Riddled with its charming dark humor and deadpan acting, Victor takes a topic so bitter and vulnerable and turns it into art, explaining how trauma interrupts time and change through the lens of stillness and silence. These narrative voices are potent, and they take back their power from the hands of trauma and life after, at least for Agnes. From their accentuation of non-verbal and verbal dialogue to their scenes chosen to utilize either/or, one thing becomes clear:
It all strips down to the raw power of choice.

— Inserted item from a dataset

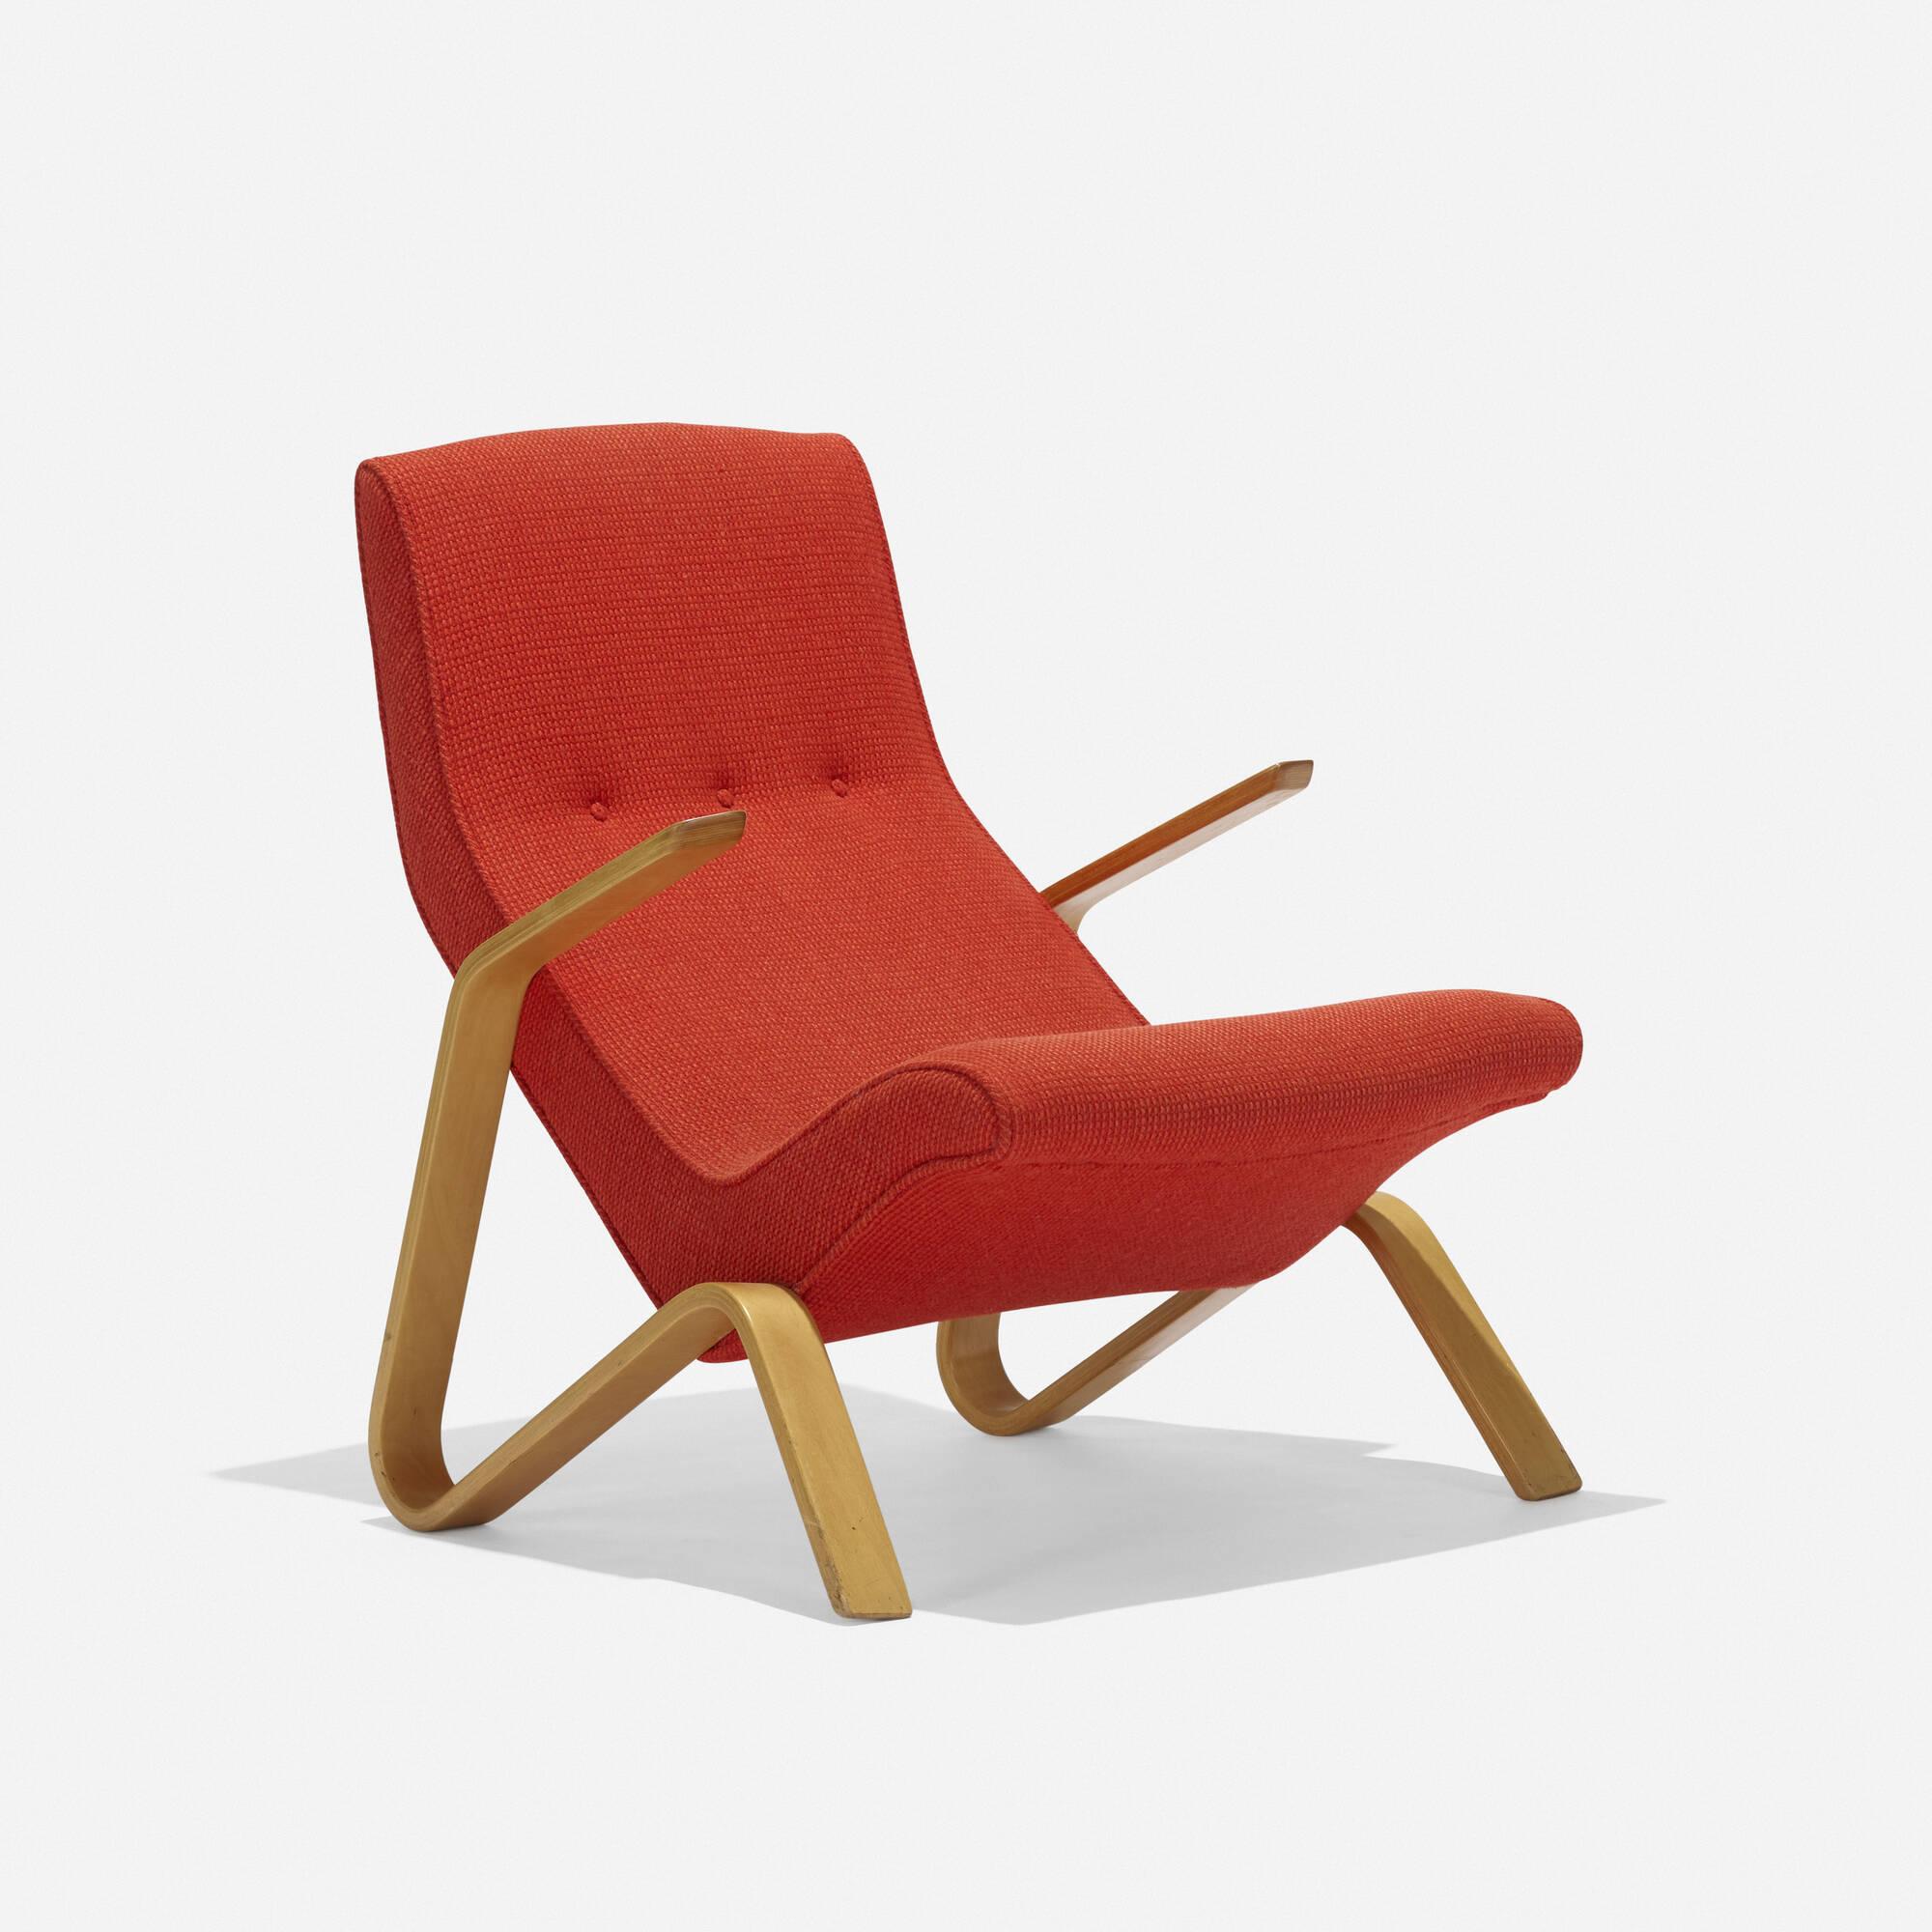 Chaise Saarinen. Good Chaise Tulip Eero Saarinen Chaise Tulip Knoll on

Instinctively almost, it feels like Victor’s perfect choice is in every scene. Behind every shot, there’s a will and reason. Because of that, we see Agnes go through her fair share of “feedback” when she finally chooses to verbalize this “bad thing” to those who hold authority and power to respond (at least) with a proactive conflict resolution.

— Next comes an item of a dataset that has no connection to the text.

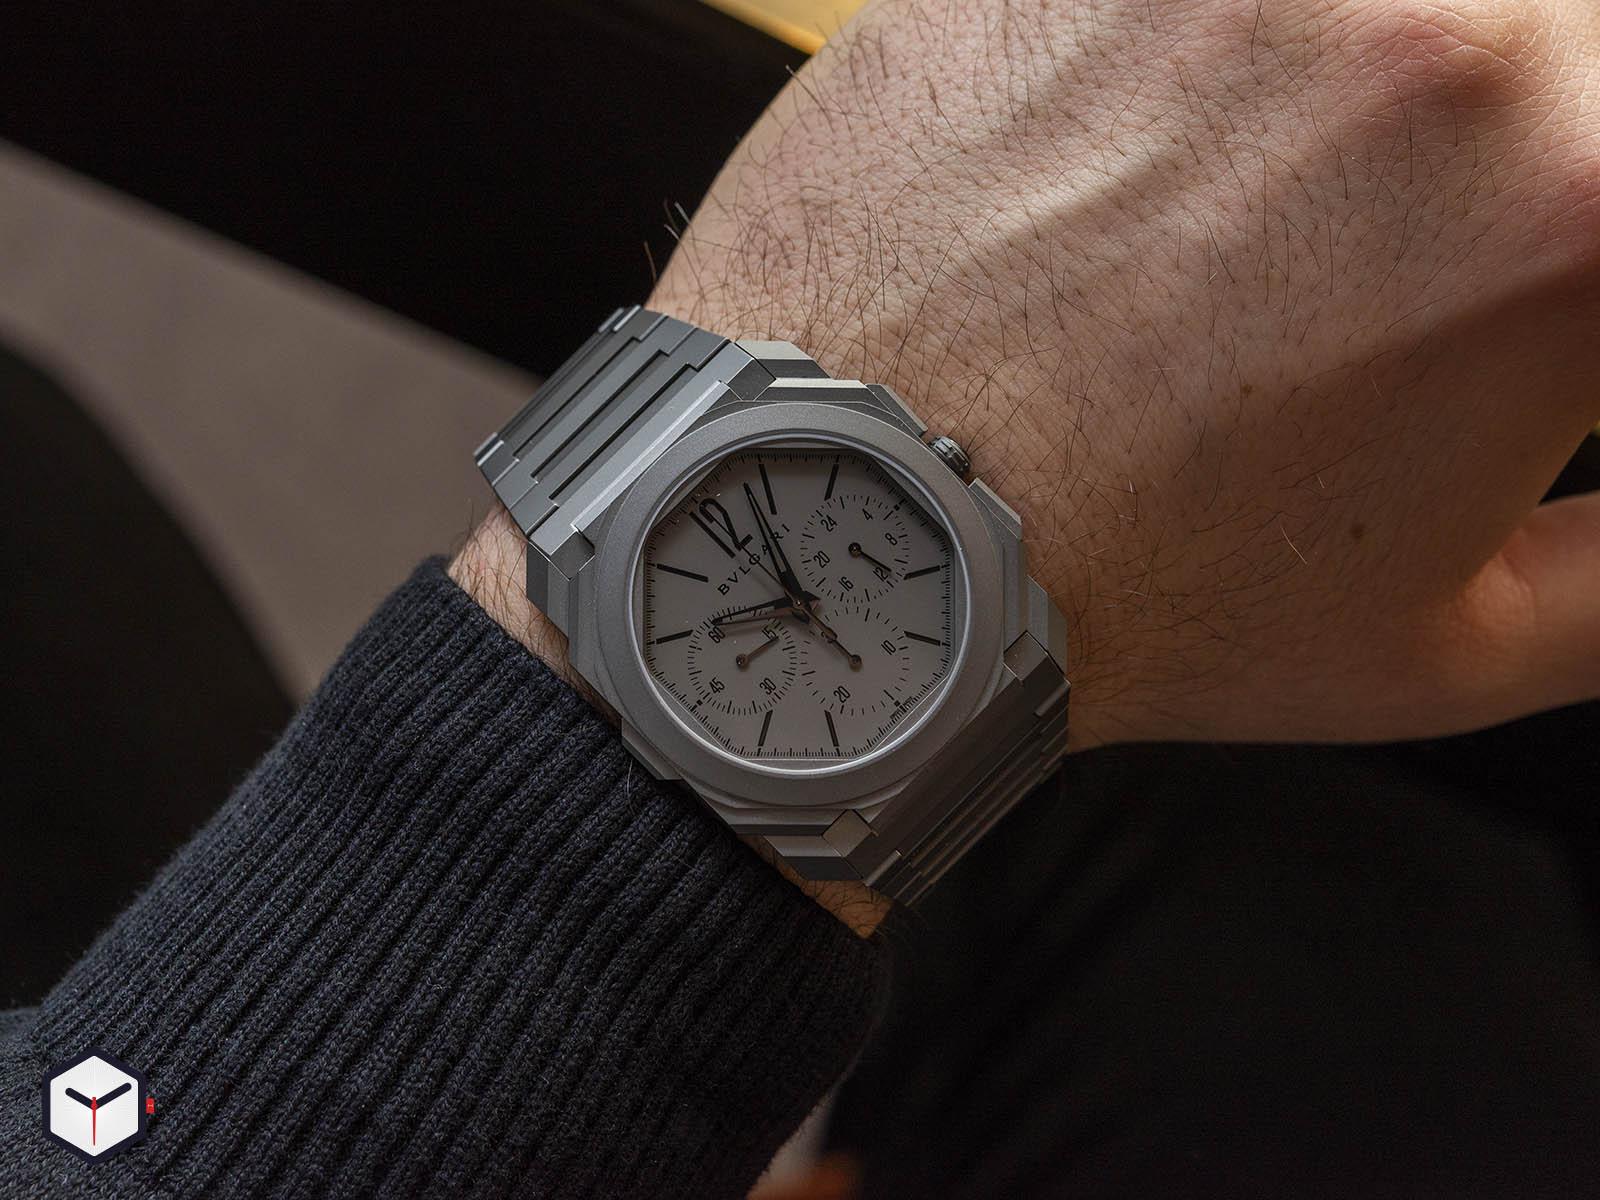 103068-bulgari-octo-finissimo-chronograph-gmt-automatic-baselworld-2019-7.jpg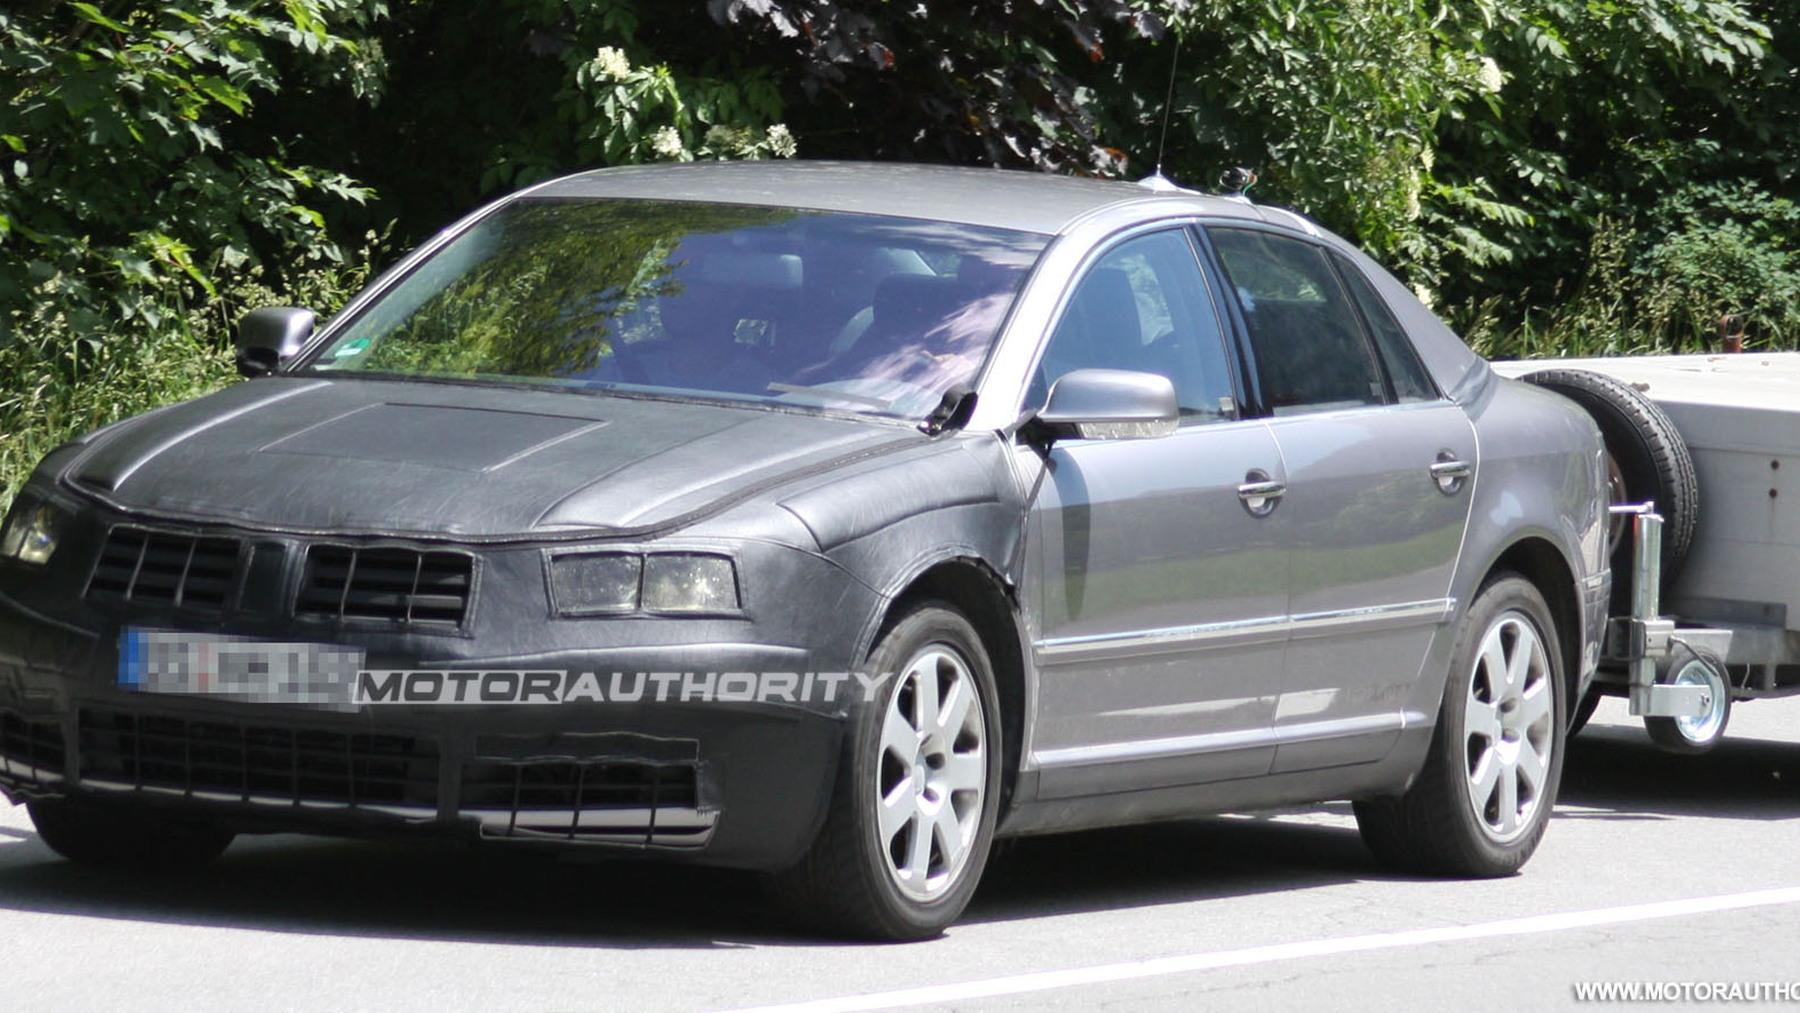 2011 volkswagen phaeton facelift spy shots june 001

A line that hasn’t left me is: “We are women. We know how you feel.”
These were the words said to Agnes by two female lawyers she spoke to about her case, before they pivoted from their superficial sympathy to then emphasize , “we can’t do anything to help you.”
We are women. Of course, the generic response. Who spread this false rhetoric that this enables comfort? When realistically, one cannot possibly know, indefinitely, how Agnes must feel. Sorry, Baby shares that same punch line and rage. (Finally, someone is addressing this.)
The film isn’t “slow,” it was just rumbling quietly in my chest cavity.
It’s quiet, contemplative nature requires a patient viewer, someone willing to sit with the weight of one’s trauma and witness time being an unreliable narrator to Agnes’ life.
Victor also normalizes the non-linear process of healing. It’s a choppy timeline with sectioned-off chapters—somehow that’s easier to swallow trauma down that way.
This film also housed a safe haven for the art of surrendering.
How intentional sharing is a choice too. Whenever Agnes verbalizes the “bad thing” it’s grounded in fragments of her circumstantial truth. Surrendering that story to another’s hands takes grit and proves to be a reason many don’t speak up to begin with. Once it’s spoken, belief becomes optional, inferring only through what is left unsaid— the weight between the sentences and pauses. Even if those who we share our grief with weren’t there to witness what happened, they now hold part of it. And the weight once carried solely by two hands, becomes lighter. Till it no longer belongs to us anymore.
So, what stuck to us even after the credits rolled? This:
Sorry, Baby is for the besties that just want to laugh but have a thorough cross-examination afterwards so touching it feels like therapy (as Rumi & I did). It showcases the power of gravity-defying friendship. Who’s that devoted friend that’s stayed through the “bad things?” Who’s that friend that you entrust to share your “bad things” with? Without fear of them becoming suddenly scared, judgmental, or pitiful?
Evidently, we all have that one friend who carries an unspoken golden rule with you that you’ll be their children’s godparent or Tia/ Tio. Which makes it the perfect ending to the film: The arrival of Liddy’s baby, Jane. What lies profoundly in the last scene is a strong monologue to Jane from (aunt) Agnes: a tiny pocket of poetry. A moment exclusively for them. We, the audience, just happened to be the subtle bystanders. There’s much beauty in realizing you could be that very person you wished you had growing up as a kid and as an adult going through “bad things,” to your little sisters, brothers, nieces and nephews.
Overall, this film was beautiful, affirmative and full. Sorry, Baby may not be for everyone, but it’s for the ones that get Agnes and/or Liddy. Or the ones that see themselves in Victor’s writing or humor. Undoubtedly, the film welcomes everyone and wraps them in an unhurried intimate story that makes you wish you could sit in that world forever.